Monday, September 19, 2016

Cruising Southampton to Belfast

Cruising across the Atlantic has not really appealed to me as I undertook the voyage as a 5 then 8 year old on Ivernia and returning on Queen Mary. However, travelling via Iceland and Greenland had substantial appeal when it appeared as a Silverseas cruise (especially given a sizeable credit arising from issues on the Galapagos voyage).
So we set off from Southampton to Montreal on the route shown here.
Our first port Fowey (pronounced Foy) was not exactly a long haul from Southampton. We arrived to a beautiful sunrise. 
And had to reverse into the harbour with tugs fore and aft guiding us past numerous small boats. Silver Whisper is much smaller than the Queens so can enter many more ports.

It is a lively port town with many little sail boats happy to get a closer look at us.

We walked into town and by coincidence Les and Carol were holidaying in the area so we decided to meet up at the church.

A lovely little township with great weather making meandering the order of the day so as to take in the sites. As we developed an appetite a Cornish pasty for lunch became a bit of a focus. However the bakers did not have tables. Fortunately one coffee shop saw the attraction of allowing us to eat outside pasties in their shop and benefitted from us purchasing coffee and deserts. Seeing Les and Carole twice in one trip was unexpected and a good way to finish our final day in England.

After a bit of a lumpy crossing of the South Irish Sea we arrived in Cobh (pronounced Cove) in Ireland. It is the second largest natural port in the world (Sydney of course being number one).

On this voyage we were once again treated to the fun of travelling with cousin Pam and Robin. Pam decided that with a number of sea days ahead some knitting wool and needles were appropriate so we headed off in a taxi to Cork. You could really eat well here with a wonderful array of foods in the English Market although some of our team were not that impressed with the offer of Tripe or Trotters.

The city is an attractive mixture of old and new. We wondered through to the cathedral and then the reason for Ireland’s green land became quite apparent as the heavens opened so we took a taxi and headed back to the ship.

No prizes for guessing our next port.

Guinness was to be the focus of the first half of the day as we walked through to the city centre via some well tended buildings.

Our second visit to the Guinness storehouse was just as enjoyable as our first (see 2010 blog) and there were a number of new exhibits. We were all taken by the film of Coopers making barrels.

And of course the reward of a pint when at the top bar with its wonderful views.

We retraced our steps through the town and passed Molie Malone whom Robin thought was selling melons rather than cockles and mussels.

The lamp standards caught Helen’s attention and looked good against the grey sky. (This is a colour photo!)
Helen and I visited Dublin castle which is quite a small building and courtyard with what appears to be more like administration buildings.

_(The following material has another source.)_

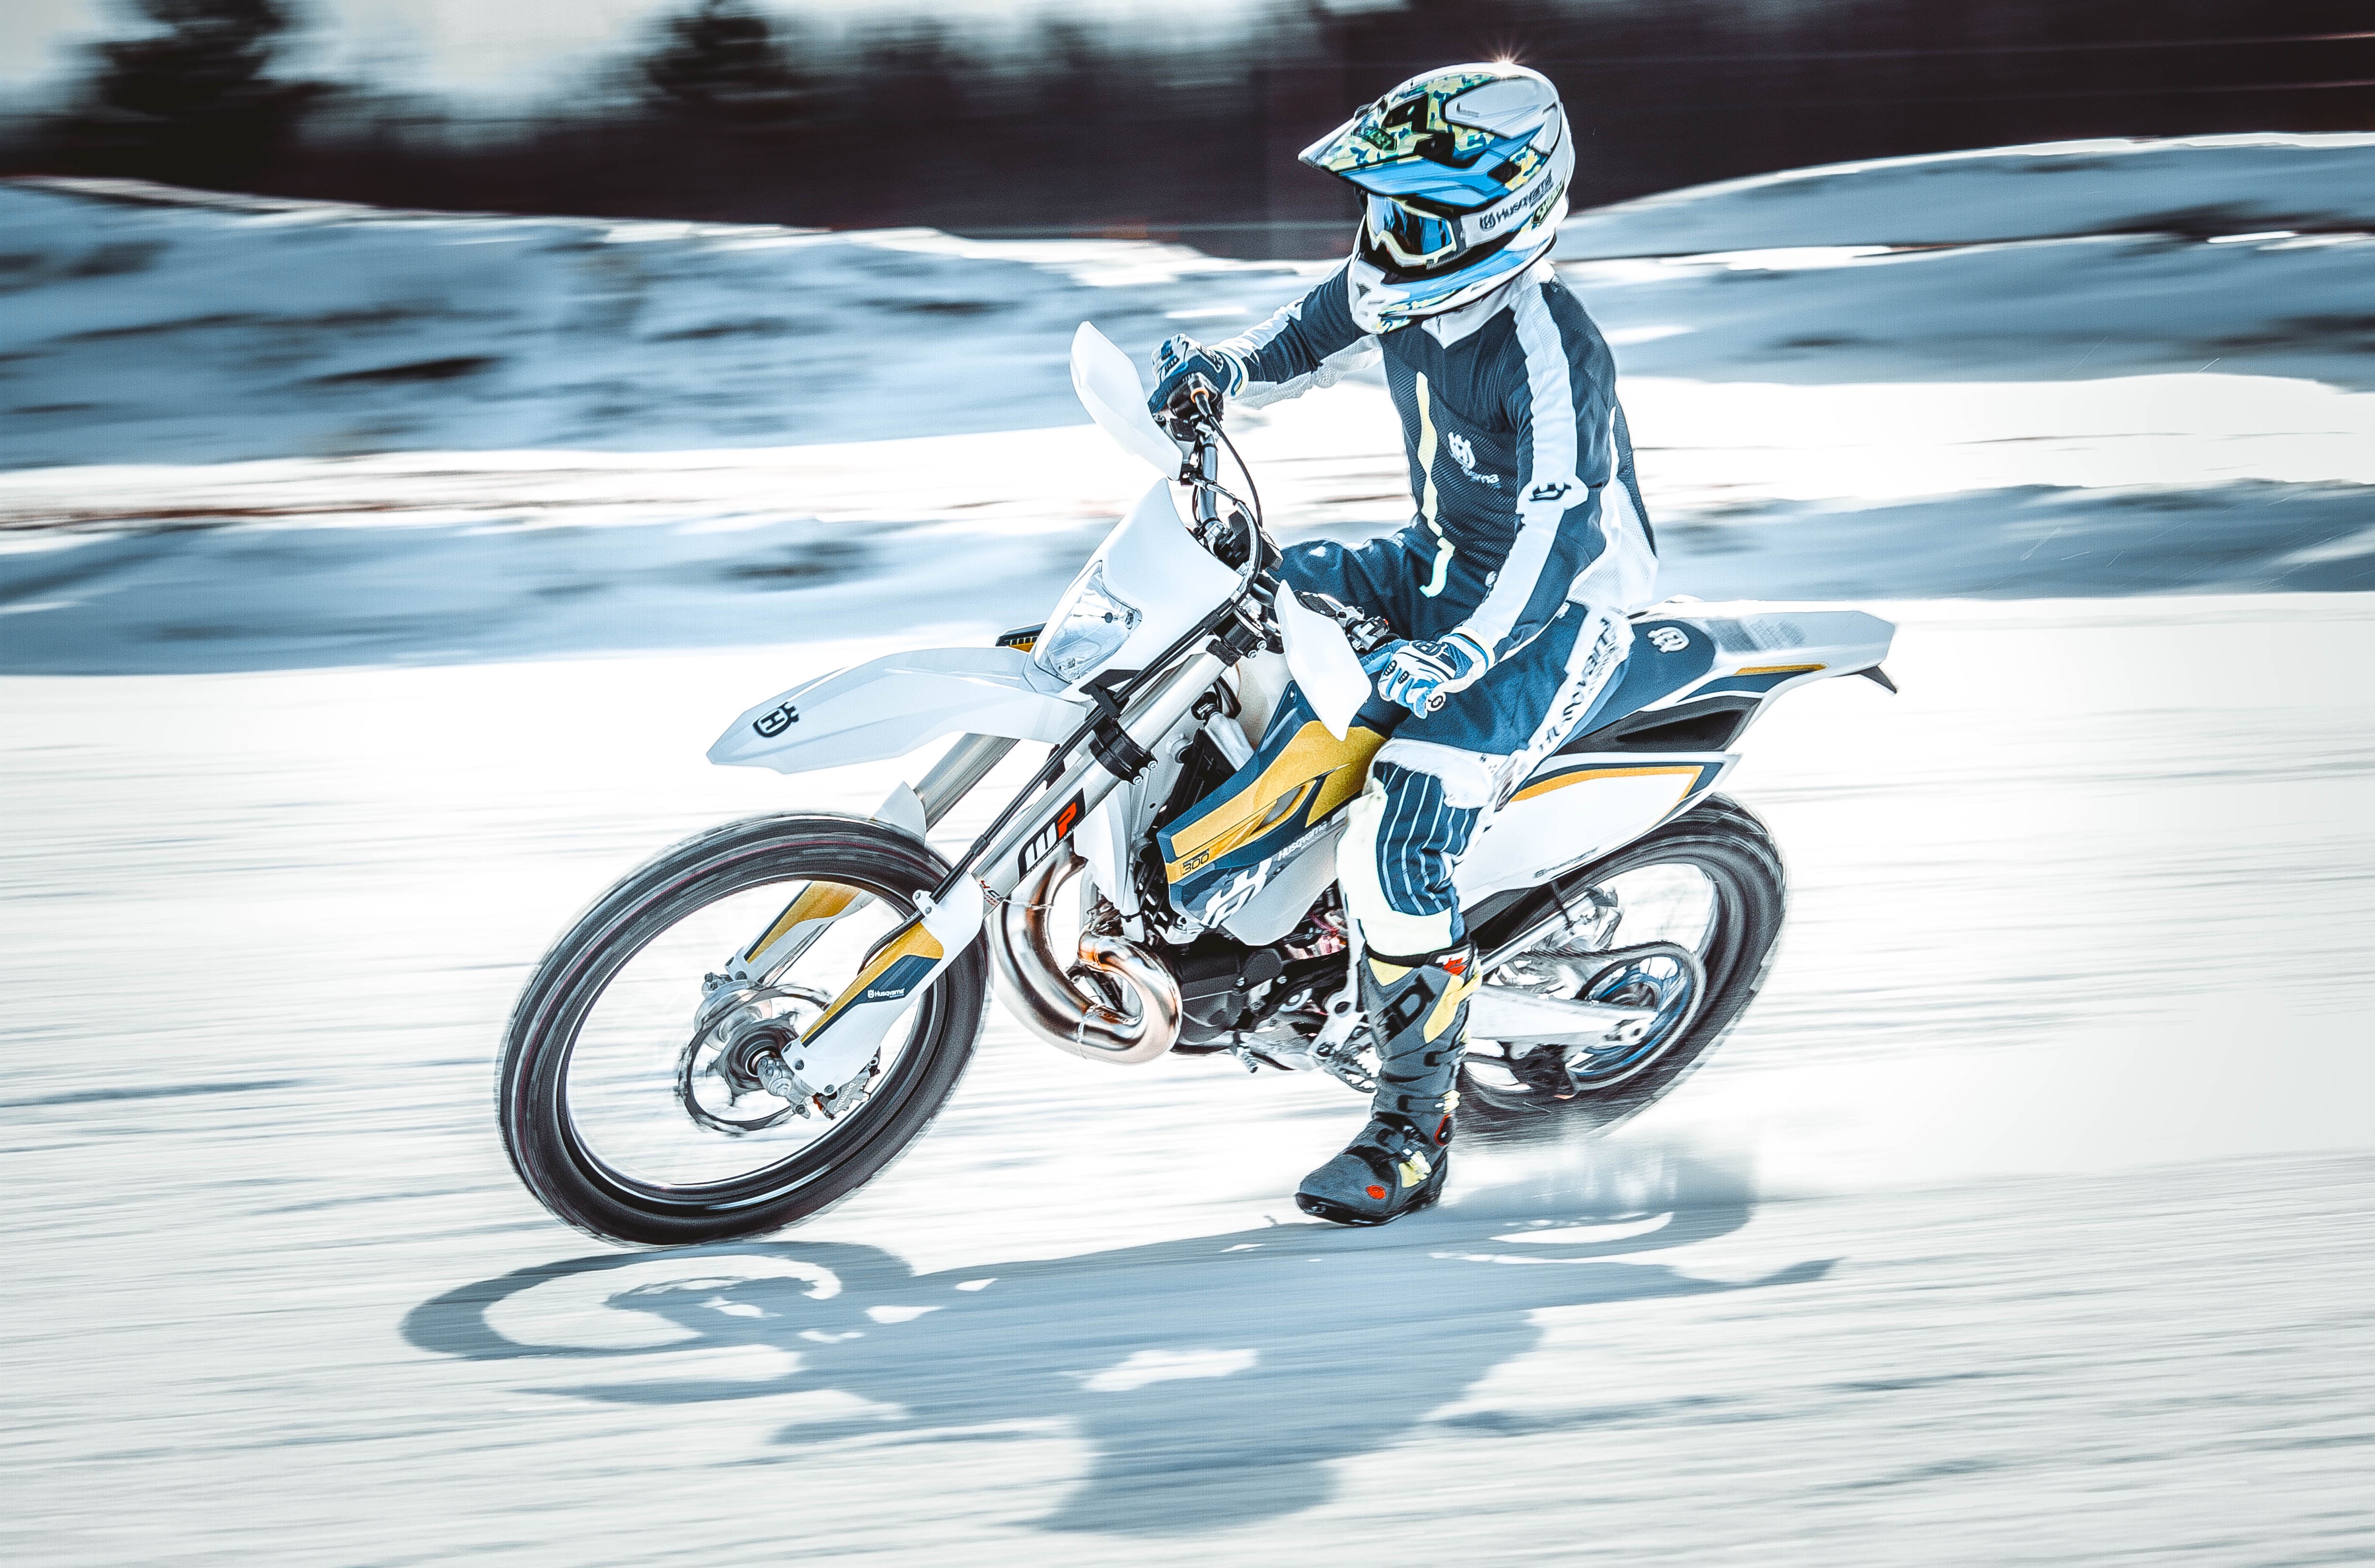 snow, motorcycles, motorcyclist, speed Image for desktop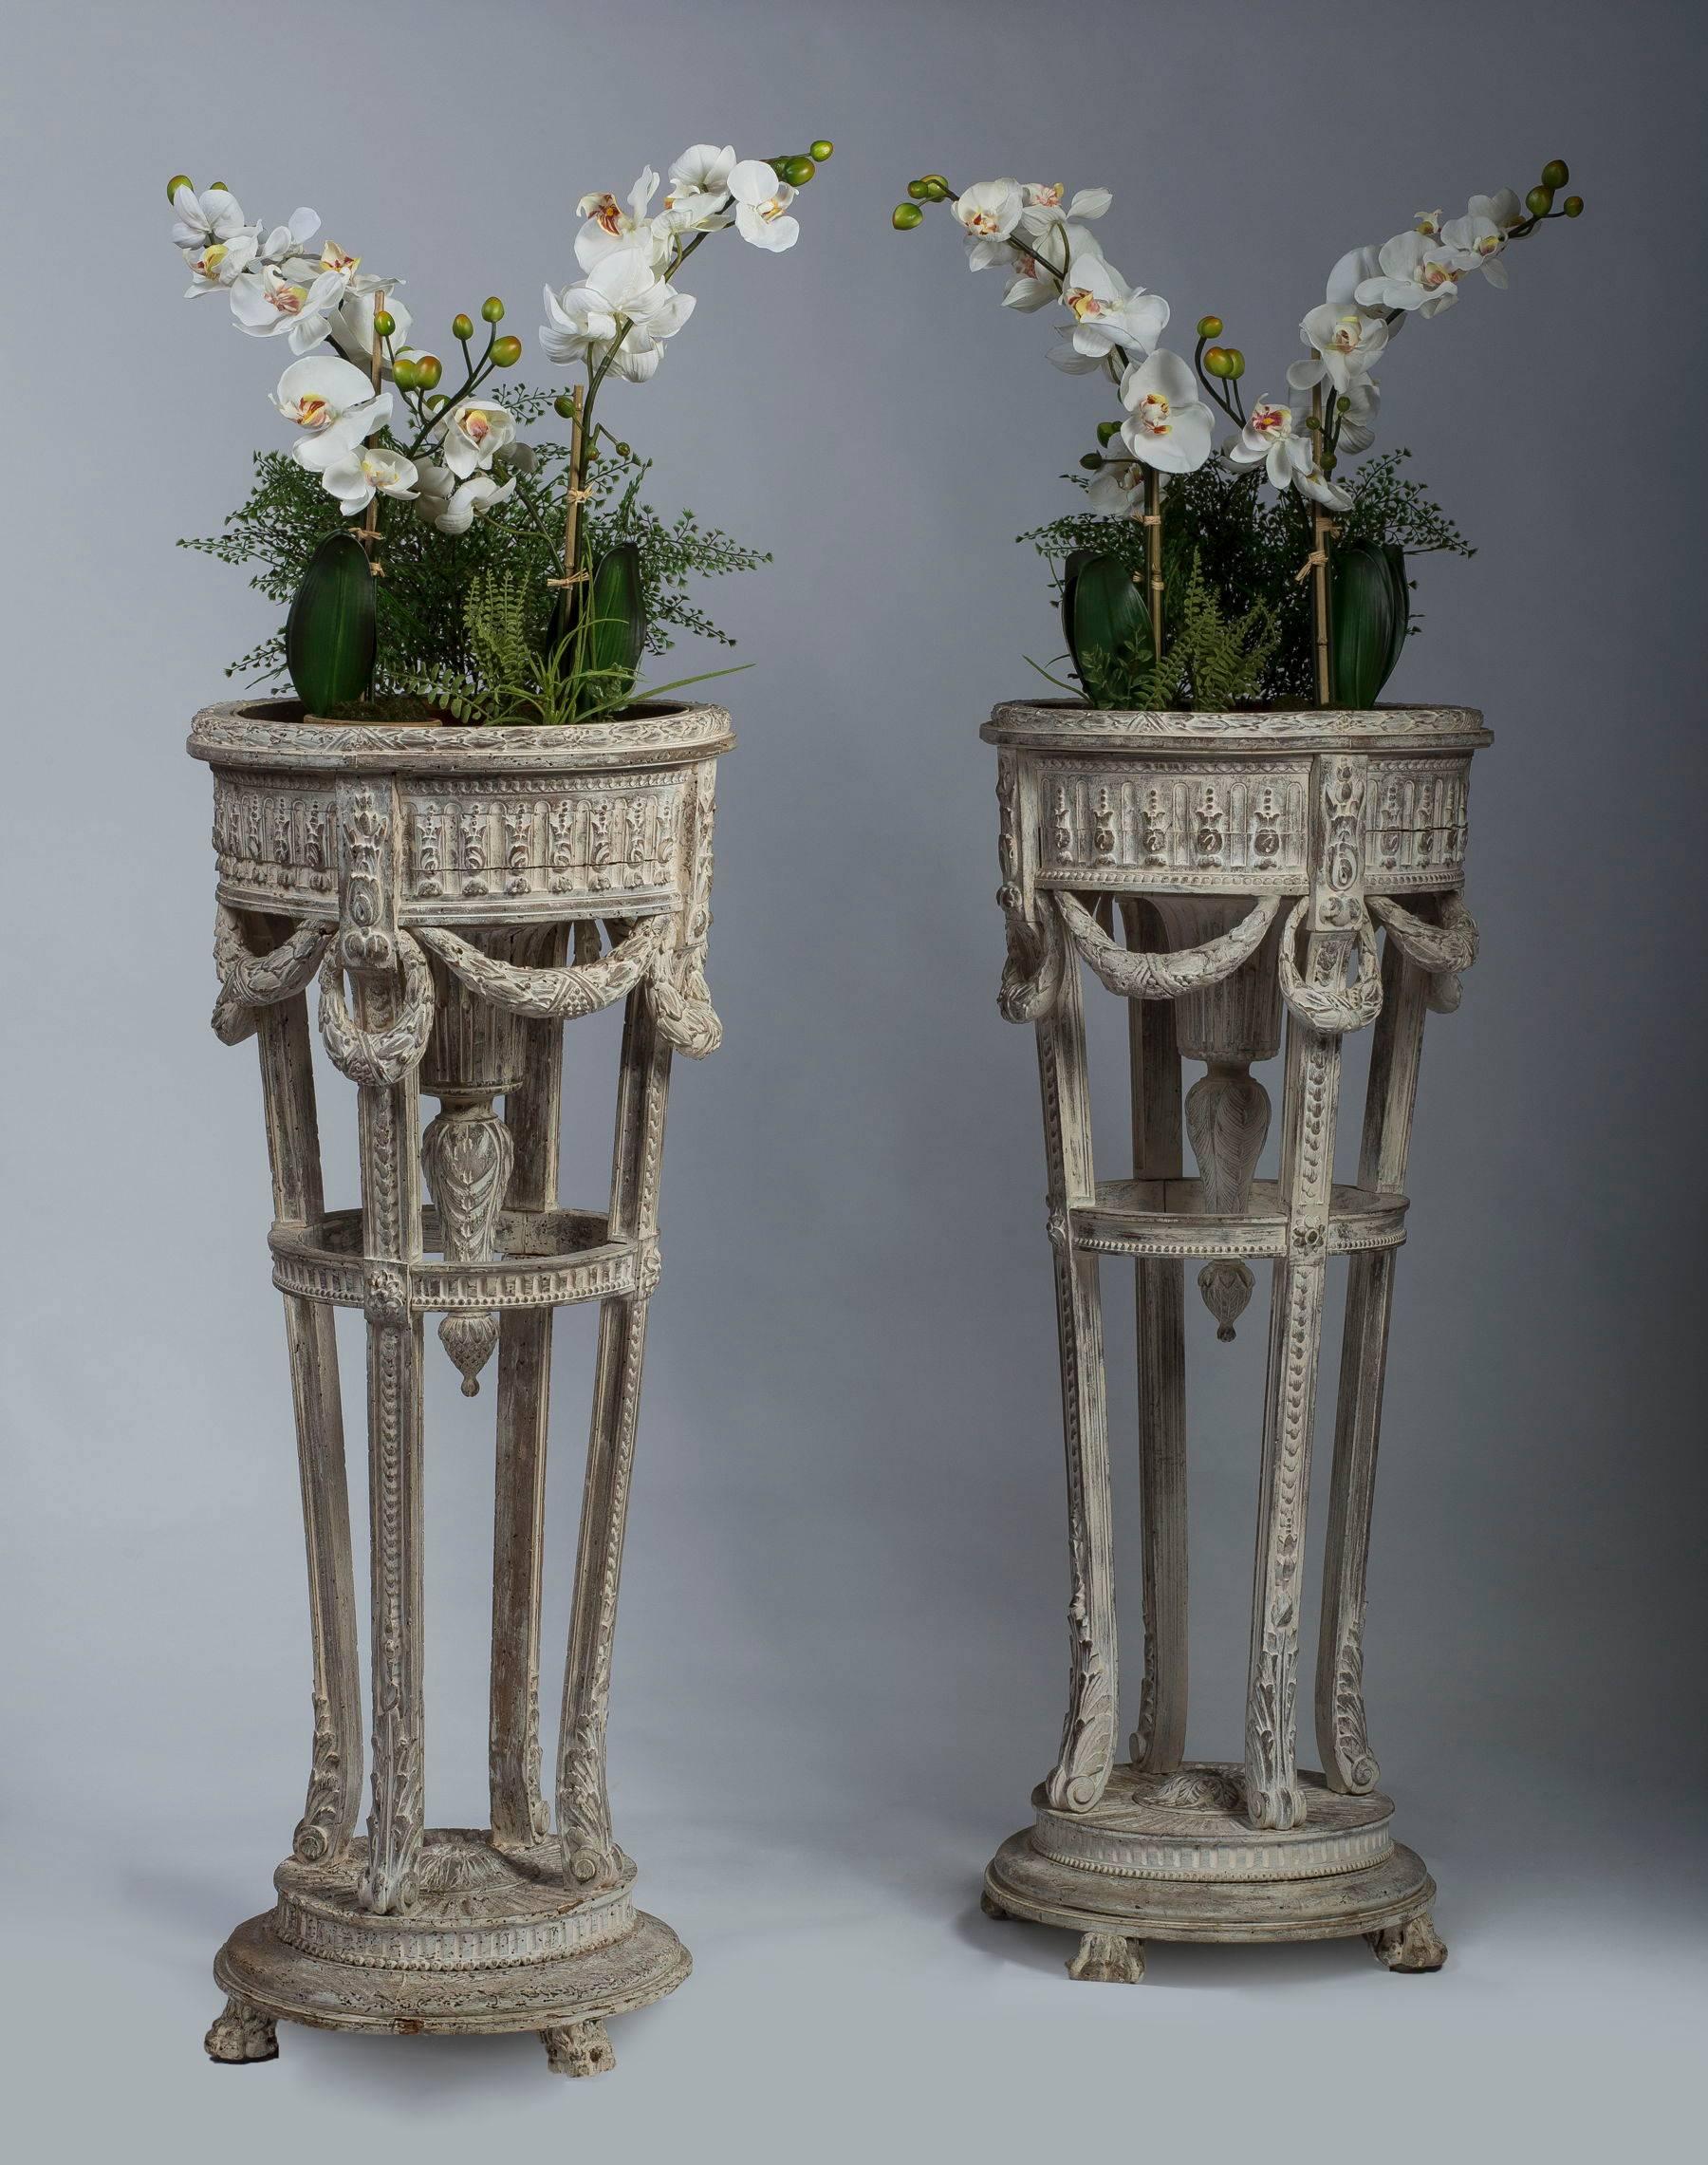 The circular container carved with pearls and rinceaux and supported by an inswept strung-piaster quadripartite stand with a central finial and hung with swags raised on a conforming plinth. This stunning pair is very much evocative of the designs

Inside, although the number of rooms was small they were quite beautiful. The State corridor with its up lights was stunning and included three statues from the late 17thC referred to as the Cloncurry marbles.

St Patrick’s hall would have been the place to be in 1897 when it was used for a dinner to celebrate Queen Victoria’s 60th year of reign.

As we cruised North our final European port was Belfast. A beautiful sunny day awaited.

Helen and I decided on a walk around the docks to the Titanic exhibition. Much of the docks area has been upgraded with new offices and streetscapes around the old Clarendon dry docks.

At the end of the docks is Belfast’s Millennium bridge – a somewhat more conventional structure to it’s London equivalent but still attractive.

As we approached what looked like a Guggenheim inspired building housing the Titanic exhibition we passed the Halitone docks where Nomadic (one of two tenders built for Titanic) could be visited. The two passenger bridges were to accommodate First and Second class travellers.

Nomadic was built in 4 months and commissioned in 1911. She survived two world wars and had almost 100 years of active service. We spent over an hour wandering about her decks and looking at the various displays.

One of which was her use as a tender in Cherbourg serving amongst others Queen Mary in the ‘50s. I suspect without knowing it at the time that I would have seen her alongside when we sailed back to England in 1958. Here is a picture of a picture of Nomadic alongside Queen Mary.

Titanic and thousands of other ships were built by the Harland and Wolff shipyard. Although shipbuilding is no longer a major industry the yard is still operating and is currently focussed on the construction of wind turbines which were dockside awaiting shipping.

At the end of the day we strolled into the city centre to purchase blueberries and caught the shuttle bus back to the ship outside the City Hall. So farewell to Europe and off to Iceland.